C’est un procès aux allures de séisme judiciaire qui s’ouvre mercredi à Oakland, en Californie.

Une coalition de procureurs américains entend démontrer, preuves à l’appui devant un tribunal fédéral, qu’Instagram et Facebook n’ont pas été pensés par hasard pour capter l’attention des plus jeunes, mais bien conçus dans le but précis de les rendre dépendants.

L’entreprise Meta, dont le siège est établi à Menlo Park, devra répondre de ces accusations portées au nom d’une trentaine d’États américains, tous parties à une action en justice engagée dès 2023. Ce sont les représentants légaux de quatre d’entre eux, la Californie, le Colorado, le Kentucky et le New Jersey, qui porteront l’accusation à la barre.

Le calendrier judiciaire prévoit une première étape ce mercredi, consacrée à la constitution du jury. Le véritable coup d’envoi des audiences n’interviendra toutefois que le 18 août, pour un procès dont la durée est estimée à six semaines, avec une clôture des débats attendue fin septembre.

Pour Vincent Joralemon, à la tête du Life Sciences Law and Policy Center rattaché à l’université de Californie à Berkeley, les similitudes avec un précédent retentissant sautent aux yeux.
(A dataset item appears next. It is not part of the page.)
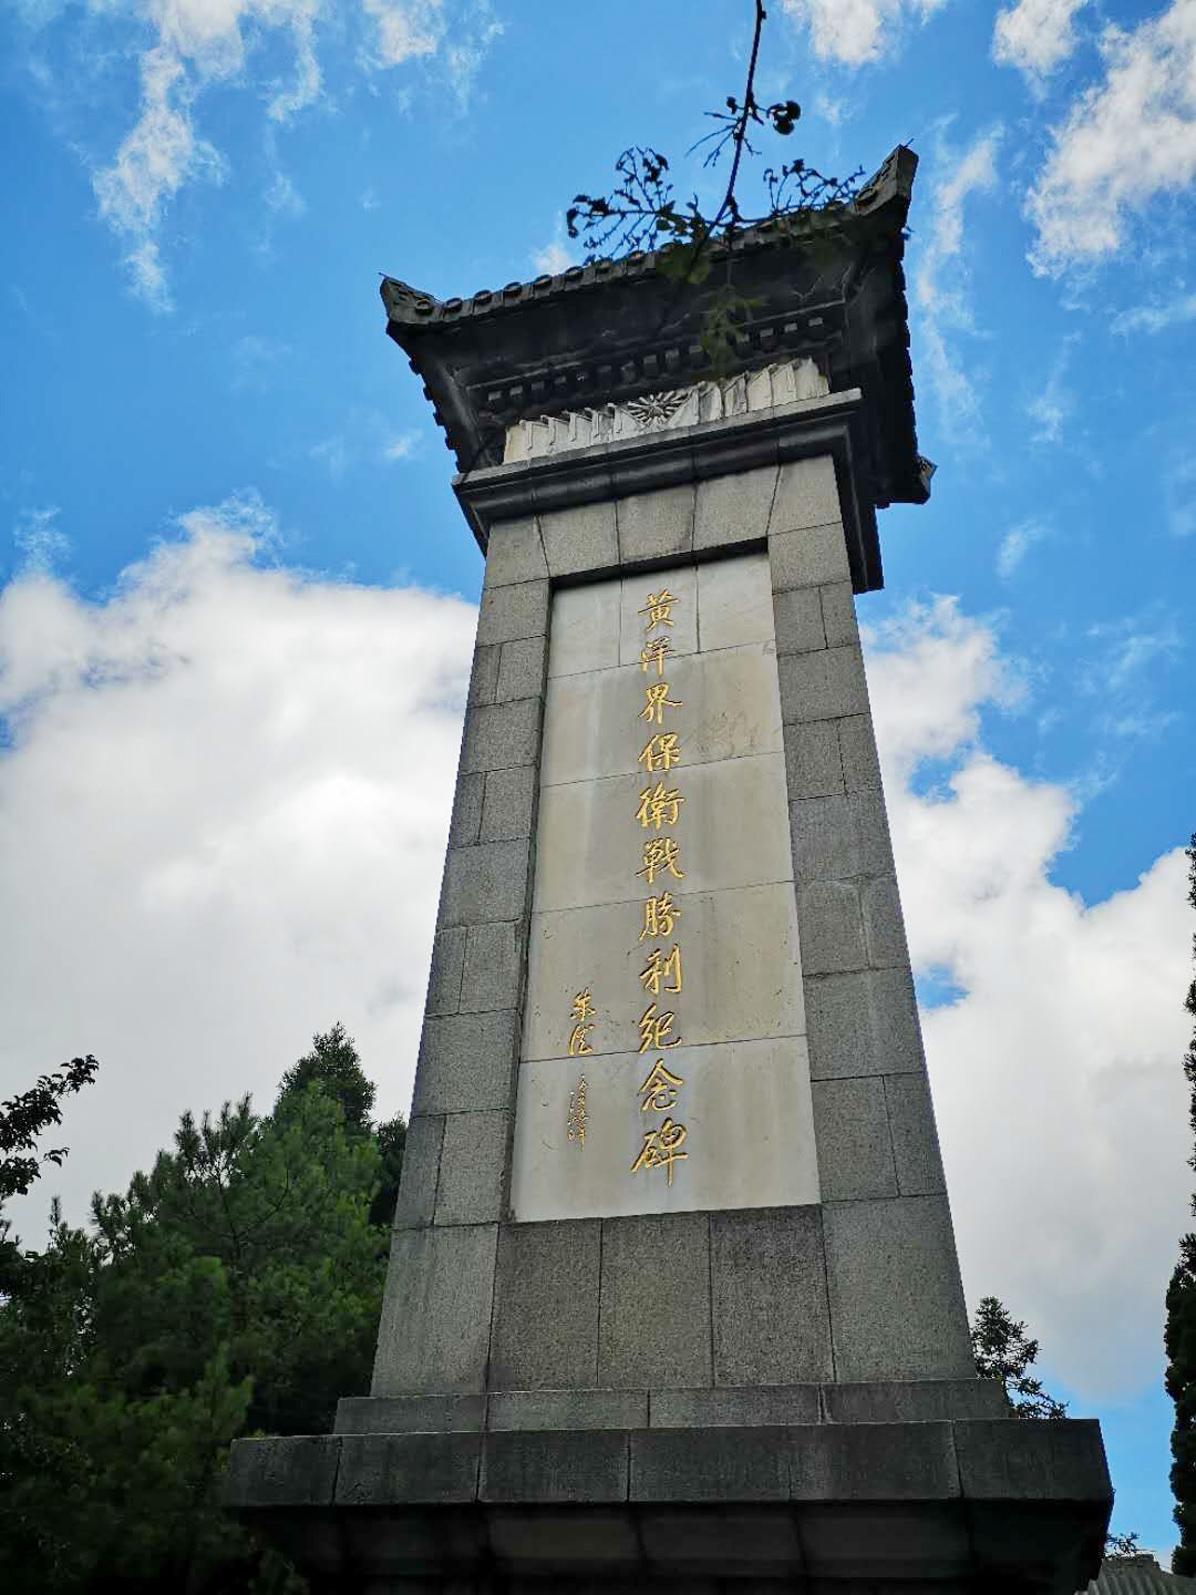 井岗山革命传统教育培训_图31

Interrogé par l’Agence France-Presse, le juriste établit un parallèle direct avec le procès intenté aux fabricants de cigarettes dans les années 1990 : « Cela ressemble tout à fait à l’affaire de l’industrie du tabac ».

Selon lui, l’angle d’attaque choisi par les procureurs ne diffère guère de celui employé, trois décennies plus tôt, contre les cigarettiers : viser non pas un produit en tant que tel, mais les stratégies commerciales déployées pour en développer l’usage.

Une bataille judiciaire qui, à l’époque, avait fini par contraindre les groupes du tabac à verser des indemnités colossales et à revoir drastiquement leurs campagnes publicitaires visant les jeunes publics.

Les enjeux financiers de la procédure ouverte contre Meta donnent le vertige : les plaignants réclament jusqu’à 1 400 milliards de dollars de sanctions, un montant qui avoisine la capitalisation boursière totale du groupe.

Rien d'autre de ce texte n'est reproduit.